A Câmara dos Deputados aprovou nesta terça-feira, dia 1º, a ratificação de uma convenção da Organização Internacional do Trabalho (OIT) que prevê medidas para promover a igualdade de oportunidades e de tratamento entre trabalhadores homens e mulheres com responsabilidades familiares. A proposta segue agora para análise do Senado, segundo informações da Agência Câmara.
O acordo busca permitir que os trabalhadores conciliem as atividades profissionais com os cuidados e as obrigações familiares. A convenção também prevê a redução de barreiras que historicamente limitaram o acesso e a permanência de pessoas no mercado de trabalho por causa de conflitos entre carreira e vida familiar.
A relatora da matéria, deputada Benedita da Silva (PT-RJ), recomendou a aprovação do texto.
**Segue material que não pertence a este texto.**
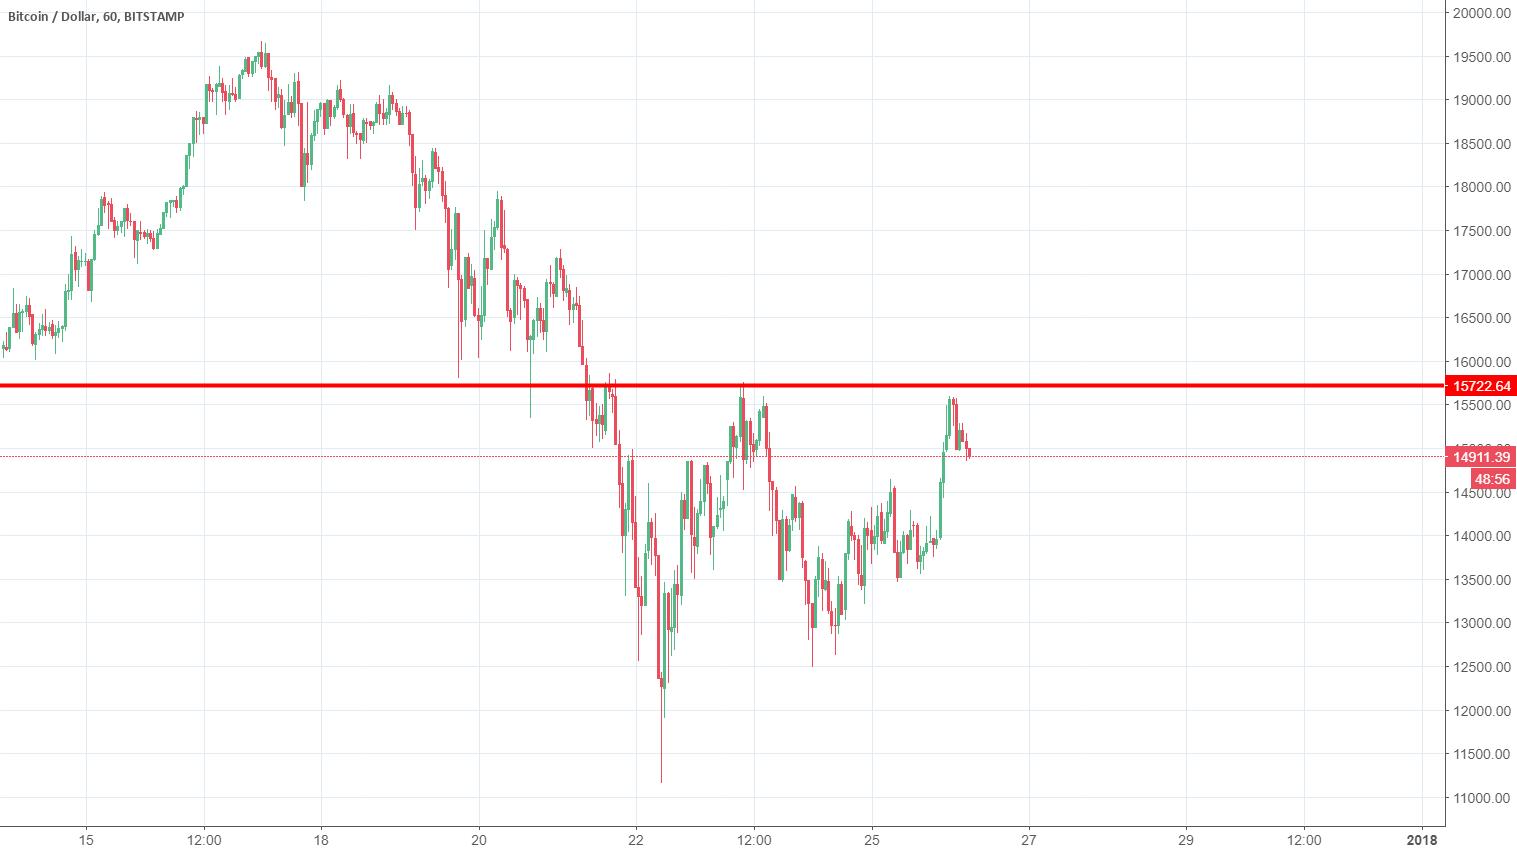 Bitcoin Back at Resistance $16k

Para ela, ainda existem desigualdades relacionadas à divisão do trabalho doméstico e das atividades de cuidado, com efeitos especialmente sobre a participação feminina no mercado de trabalho.
Impactos sobre a carreira e a remuneração
Na avaliação apresentada pela relatora, as desigualdades persistentes também afetam a remuneração, o acesso a cargos de liderança e as oportunidades de desenvolvimento profissional. Benedita afirmou que, apesar dos avanços registrados nas últimas décadas, a distribuição das responsabilidades familiares continua produzindo consequências diferentes para homens e mulheres.
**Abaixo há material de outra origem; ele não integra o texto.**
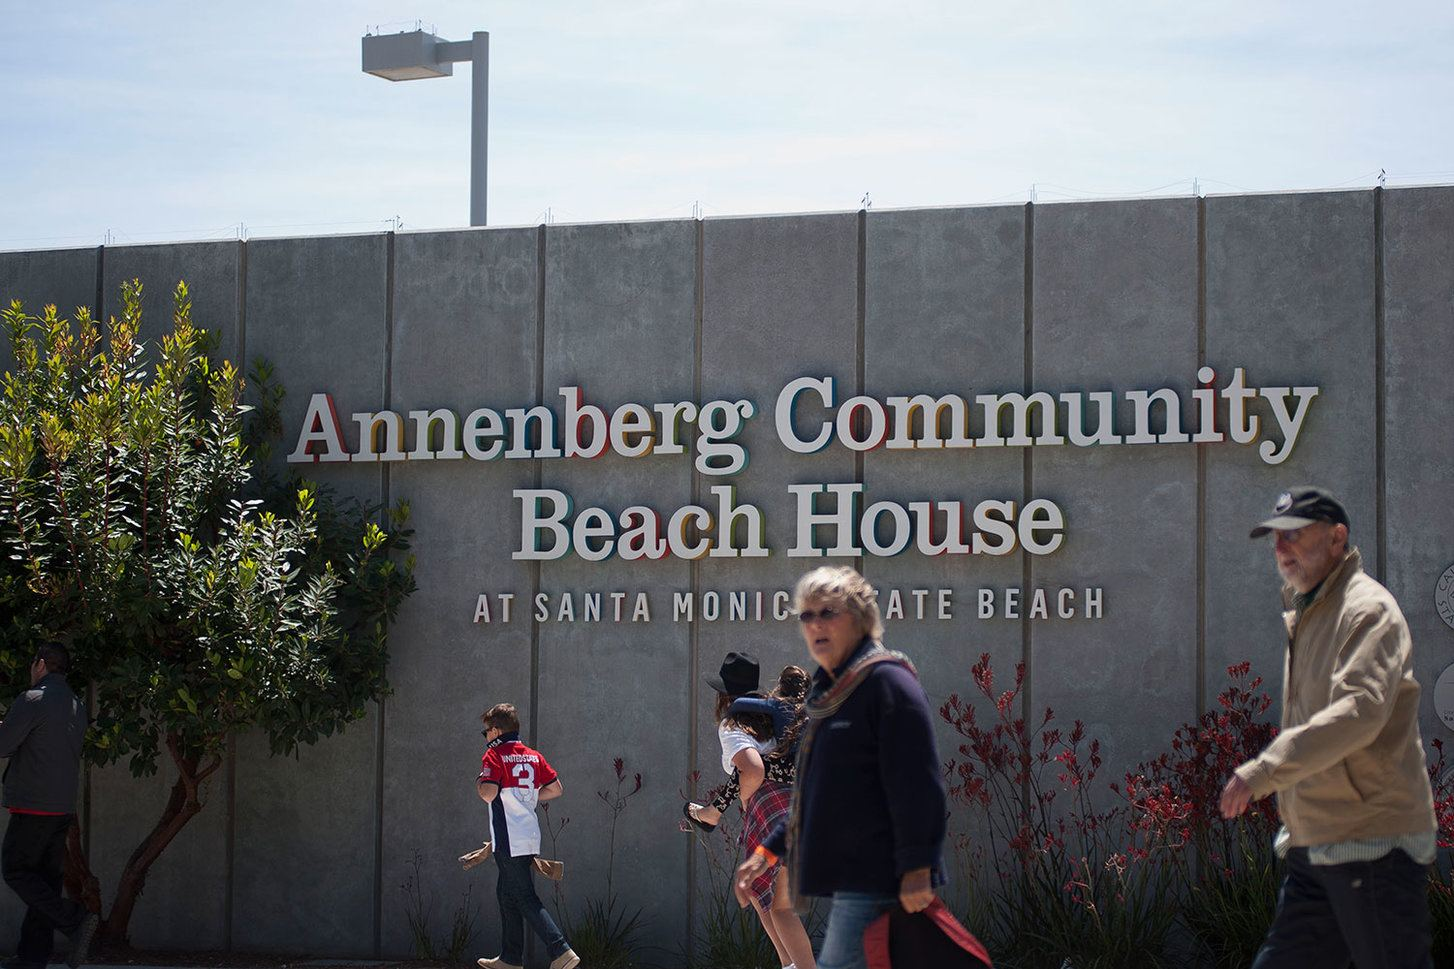 Annenberg Community Beach House

A convenção pretende eliminar práticas discriminatórias contra trabalhadores que tenham responsabilidades familiares e desejem ingressar ou permanecer no mercado de trabalho. O texto alcança pessoas que possam ser impedidas ou limitadas profissionalmente por dificuldades de compatibilização entre as exigências do emprego e as necessidades da família.
O acordo é aplicável a todos os ramos de atividades econômicas e a trabalhadores de todas as categorias. Entre os princípios previstos está o de que as responsabilidades familiares não podem ser utilizadas como justificativa válida para a demissão.
Direito de escolha e serviços de cuidado
O texto também estabelece que os trabalhadores devem ter direito à livre escolha de um emprego, considerando suas necessidades relacionadas às responsabilidades familiares. A medida está inserida na proposta de ampliar condições para que a vida familiar não seja um obstáculo à participação no mercado de trabalho.
Entre os compromissos previstos para os países que assinarem a convenção está o desenvolvimento ou a promoção de serviços comunitários, públicos ou privados. A lista inclui equipamentos voltados ao cuidado da infância e serviços de assistência à família.
Segundo a relatora, as cláusulas da convenção têm natureza programática. Isso significa que o acordo orienta a adoção de medidas conforme as condições e as possibilidades de cada país. Por esse motivo, Benedita observou que o texto não impõe encargos.
Tramitação no Congresso
A convenção chegou ao Congresso por meio da Mensagem 85/23. Durante a tramitação, o texto foi transformado no Projeto de Decreto Legislativo 996/26, que recebeu a aprovação da Câmara nesta terça-feira.
Como se trata de um acordo internacional, a aprovação pelos deputados não encerra o processo legislativo. A proposta será encaminhada ao Senado, onde ainda será analisada. A convenção trata de igualdade de oportunidade e de tratamento para trabalhadores homens e mulheres com responsabilidades familiares e prevê diretrizes para enfrentar a discriminação associada à conciliação entre emprego e família.
Se aprovada nas etapas seguintes, a medida servirá como referência para políticas e ações destinadas a reduzir os efeitos profissionais das responsabilidades familiares, incluindo iniciativas relacionadas a serviços de cuidado e assistência à família.